The output in Kibana is not looking the same it did before when I ran it the first few times but when I used the code I gave you in the previous post the I was able to see all of the fields above nested into one message as a single entry. This is what I expected to see but had hoped to have some usable fields to search by but none of my original fields from the json were usable in kibana or searchable in sense.
I then tried to map all of my fields first with the proper field types using the field mappings and although they would show in kibana under my index the data from the json was not being parsed into these preset fields.

Essentially I just want to use the json input detailed above, load it into logstash and ES and make the proper fields such as lat/long as well as others usable for searching and visualization.
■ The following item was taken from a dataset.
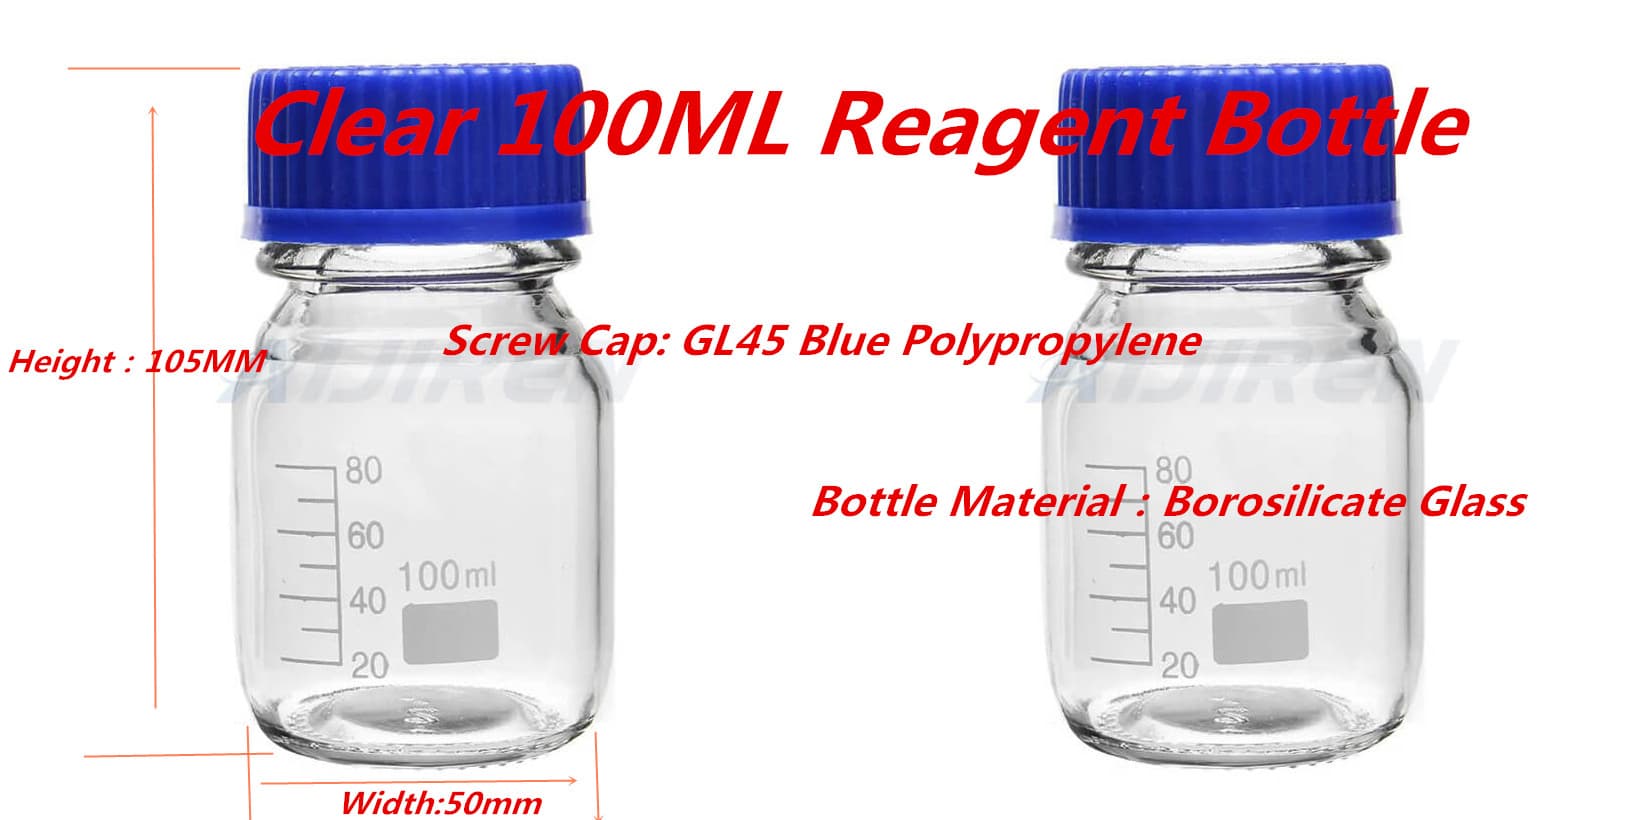 2ml autosampler vialLow volume reagent bottle 100ml with GL45 screw caps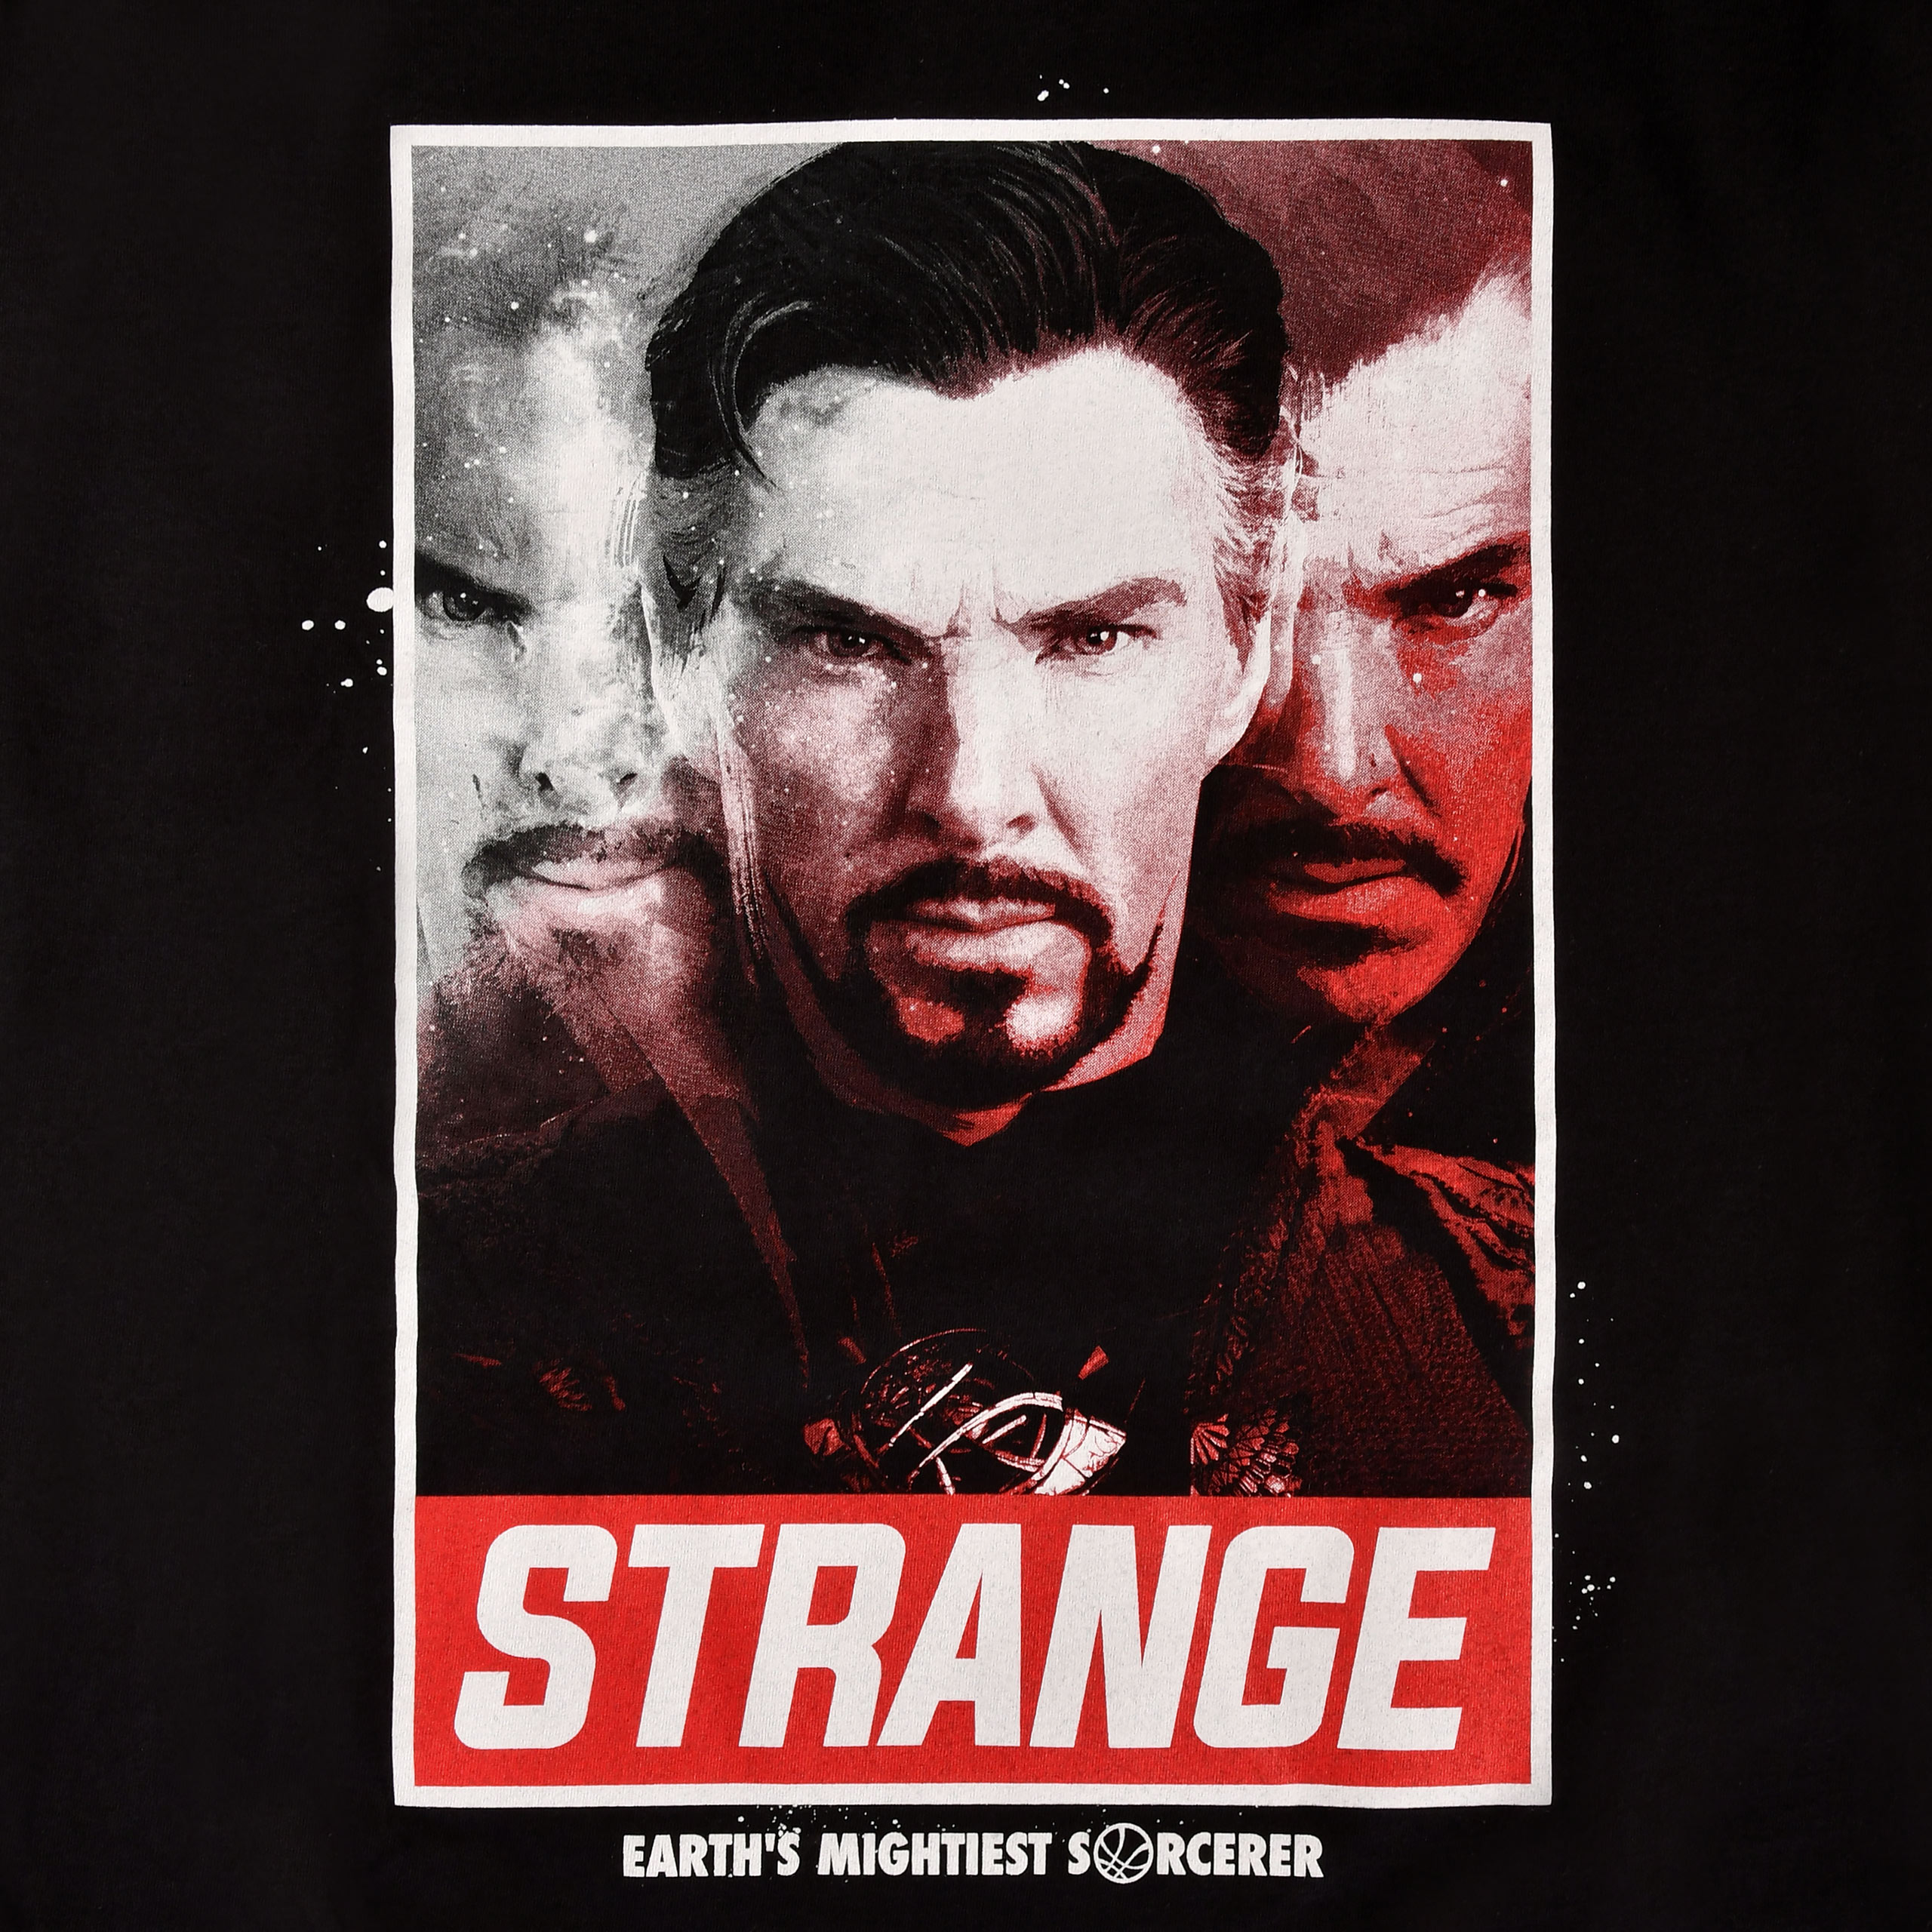 Doctor Strange - Multiverse of Madness Strange T-Shirt schwarz

I see your point about making the location field as a geopoint so I guess I would have to map this field as so before sending data to my index? or add it and mutate the data in my config file?

The code I sent you before was from someone on the internet that I have been using because it successfully mapped all of my fields into one message and showed that way in kibana which I thought was correct so I kept it. But now when I look in kibana after trying more tests it looks like it is trying to put multiple records in one message and then I get the multiline_codec_max_lines_reached at the end. I have put a few images below to show what I am seeing.

If you knew of a simple config files on the web that would parse a multi line json file like mine and mutate the proper fields so they could be searched and used in Kibana. As well, store each record coming in as a separate message I believe that would be what I was looking for. If it is not obvious, I am really new to this. thanks !

magnusbaeck · January 18, 2016, 6:11pm

Yeah, you'd have to tweak the multiline filter so that it recognizes that "}, {" marks the end of the current message. It won't be completely trivial since that line needs to result in "}" at the end of the first message and "{" at the beginning of the next. I'm afraid I don't have time to work on this.

amol_sonawane1 · November 22, 2016, 7:20am

I am working on large json data.
I am using ELK stack with 5.0 version.
I am getting multiline_codec_max_lines_reached when json data is large and works file if some data is removed from the same.
I changed the heap size in jvm.options file to 4GB for both elasticsearch and logstash.
Still I am getting same exception and not able to file solution.
Please help me with same.

magnusbaeck · November 22, 2016, 8:00am

@amol_sonawane1, please start a new thread for your unrelated question.